The events which defendant claimed provoked him were not adequate to provoke a reasonable person into a heat of passion. Even if the limitation to the marital relationship is ignored, no longstanding relationship comparable to that of husband and wife existed in this case. Moreover, the relationship had been terminated. Cf. People v Pecora, 107 Ill App 2d 283; 246 NE2d 865 (1969) (defendant was not reasonably provoked when ex-wife told him she had been intimate with other men, even though he had not "psychologically disengaged himself from the marital relationship since the divorce").

No evidence of reasonable provocation was presented by defendant in this case. Defense counsel did not specifically argue that reasonable provocation *528 existed. It was not necessary for the trial court to make findings of fact on this issue.

Defendant next argues that the trial judge erred by basing his findings of fact concerning the intoxication defense on the "capacity standard" found improper in People v Crittle, 390 Mich 367; 212 NW2d 196 (1973). Subsequent to the submission of briefs in this case, the Supreme Court overruled the holding in Crittle upon which defendant relies. People v Savoie, 419 Mich 118, 134; 349 NW2d 139 (1984). A review of the judge's findings of fact indicates that he found that defendant, despite his intoxication, did form the requisite intent for second-degree murder. This finding satisfies even the Crittle test.

Defendant next challenges his bindover on first-degree murder charges. His failure to move to quash precludes review of this claim on appeal. People v Miller, 130 Mich App 116; 342 NW2d 926 (1983).

Defendant claims that his trial counsel's failure to move to quash the first-degree murder charges was a serious mistake which denied his right to effective assistance of counsel. We disagree. Counsel performed adequately in general and this was not a serious mistake depriving defendant of a fair trial. See People v Garcia, 398 Mich 250; 247 NW2d 547 (1976).
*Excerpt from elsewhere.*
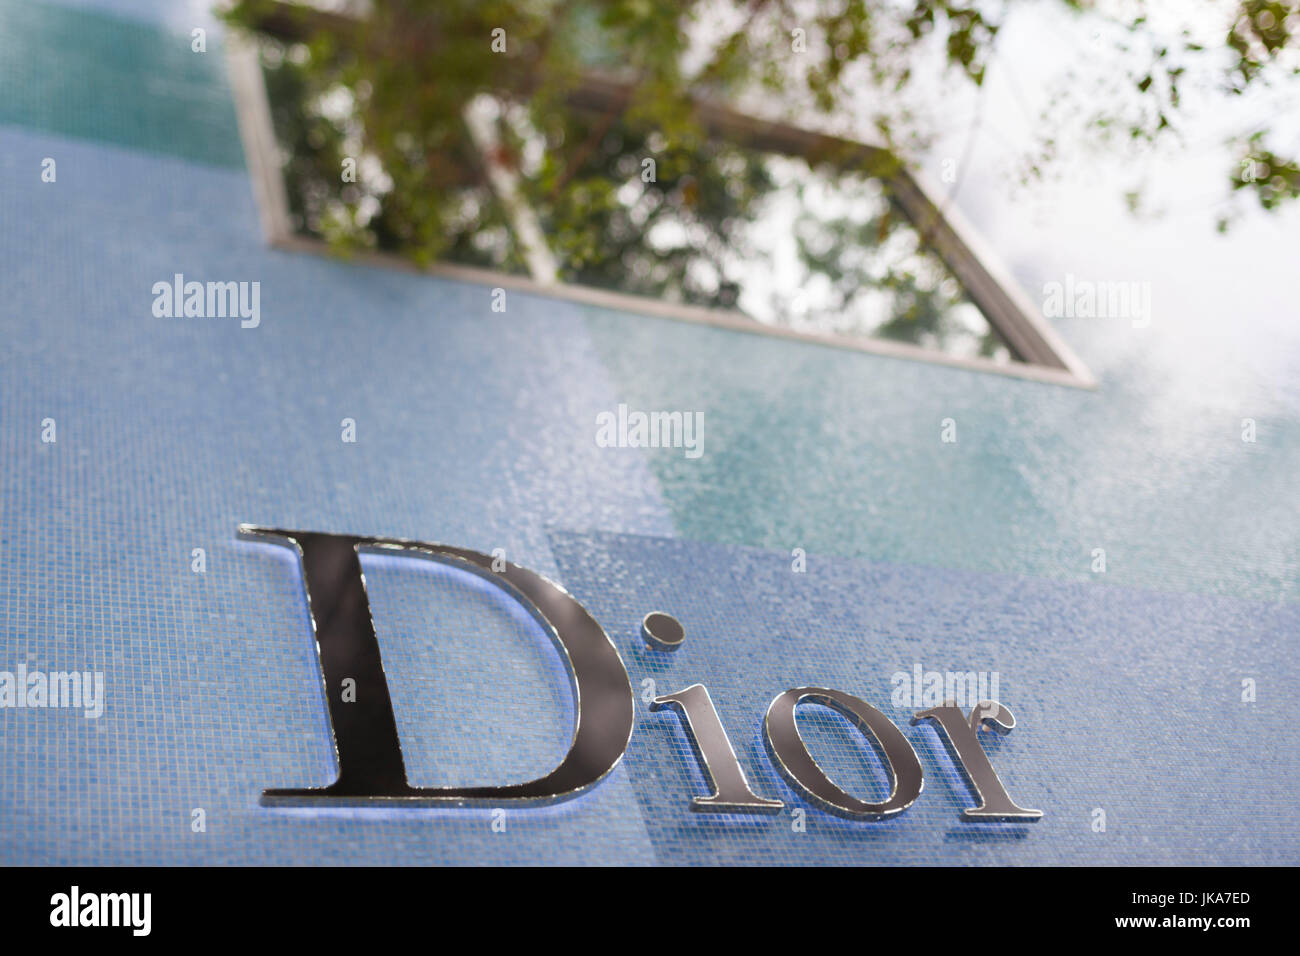 USA, Florida, Miami, Miami Design District, Dior, store front Banque D'Images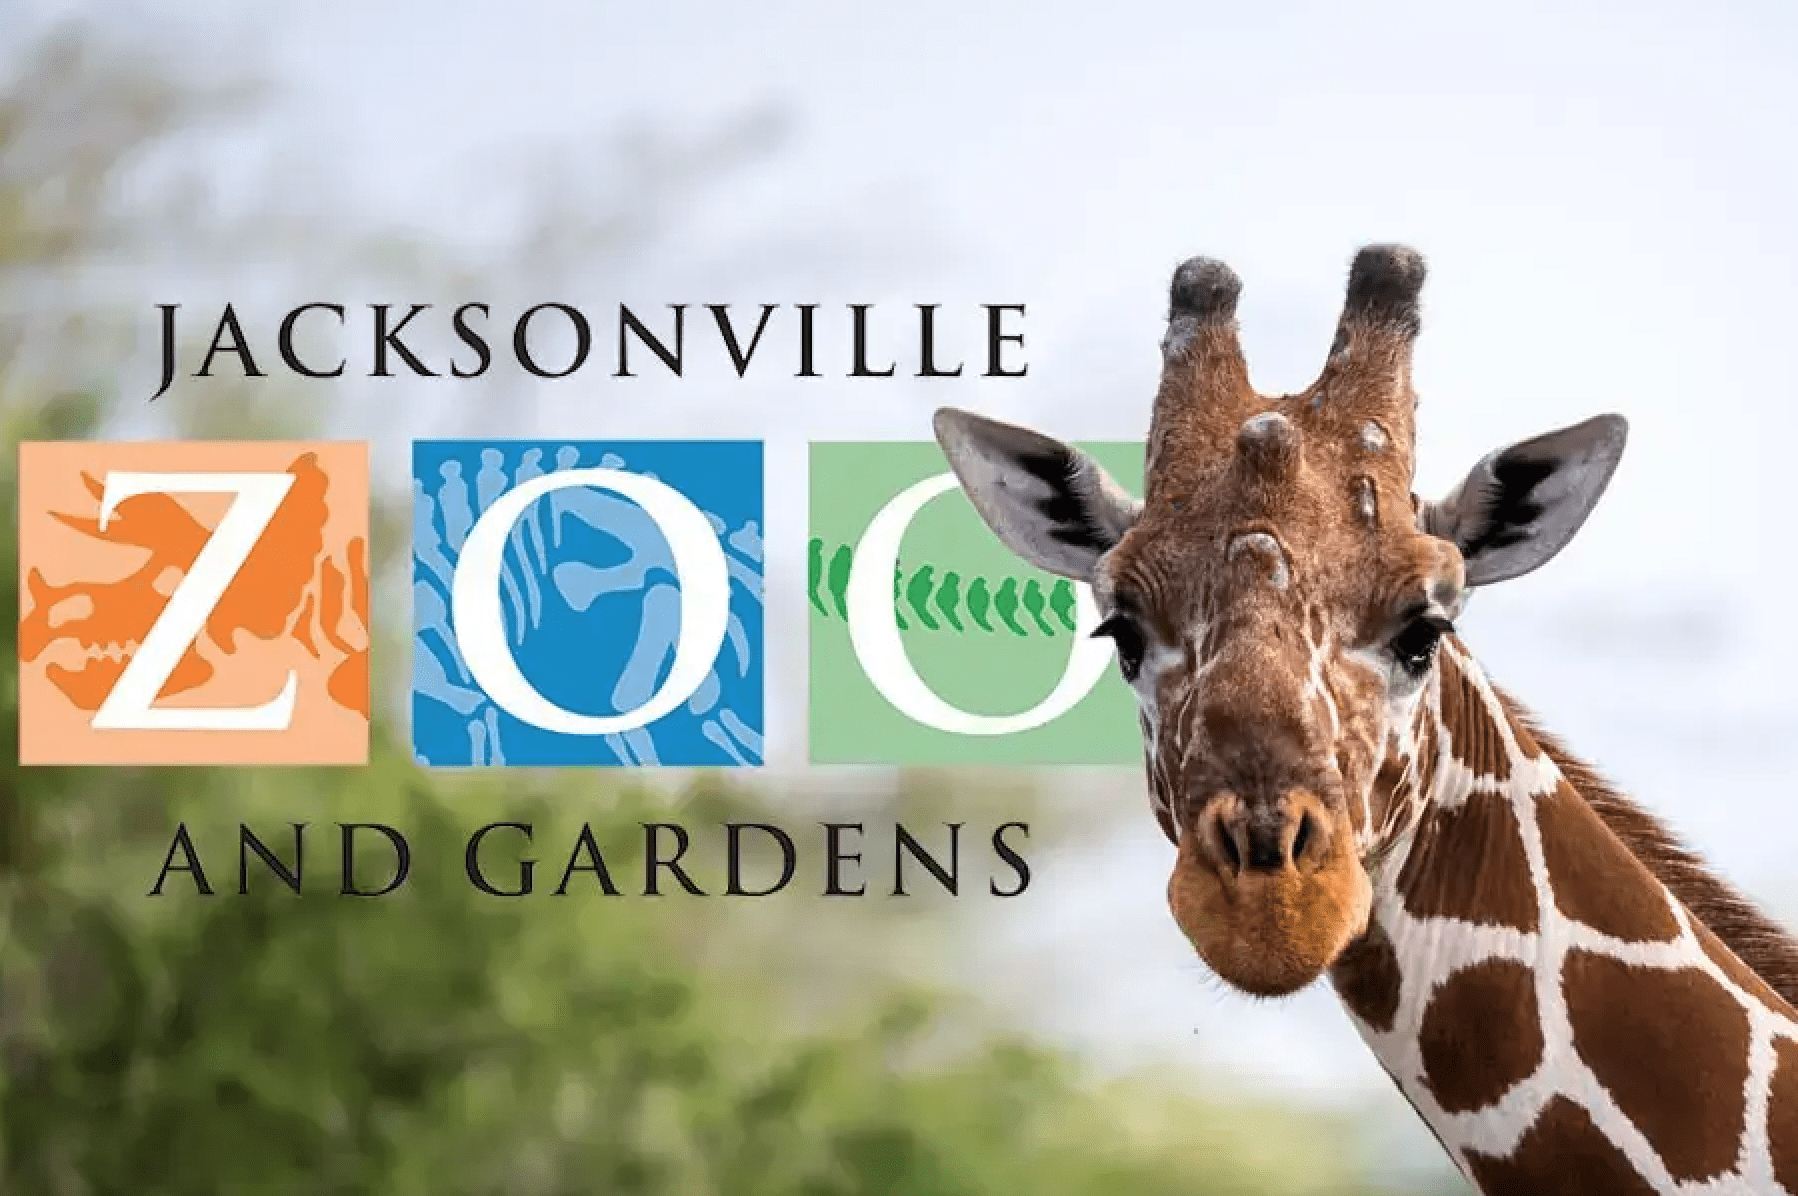 acksonville Zoo & Gardens

Defendant also claims that the trial judge erred by refusing to rule on his motion for a directed verdict on the charge of first-degree murder made at the close of the prosecution's proofs. The judge, sitting as trier of fact, took the motion under advisement. When a court sits as trier of fact, a motion for judgment at the close of the plaintiff's proofs is not a motion for a directed verdict, but one for involuntary dismissal under GCR 1963, 504.2. This subrule states in part:

*529 "After the plaintiff has completed the presentation of his evidence to the court in any action tried without a jury, the defendant, without waiving his right to offer evidence in the event the motion is not granted, may move for a dismissal on the ground that upon the facts and the law the plaintiff has shown no right to relief. Thereupon, the court as trier of the facts may determine them and render judgment against the plaintiff, or may decline to render any judgment until the close of all the evidence." (Emphasis added.)

A decision to rule on a motion for involuntary dismissal at the close of the plaintiff's proofs rests in the sound discretion of the trial judge. We find no abuse of discretion in this case. Contrary to his claim, defendant was not handicapped in the presentation of his defense by the judge's failure to rule.

Affirmed.

NOTES

[*] Circuit judge, sitting on the Court of Appeals by assignment.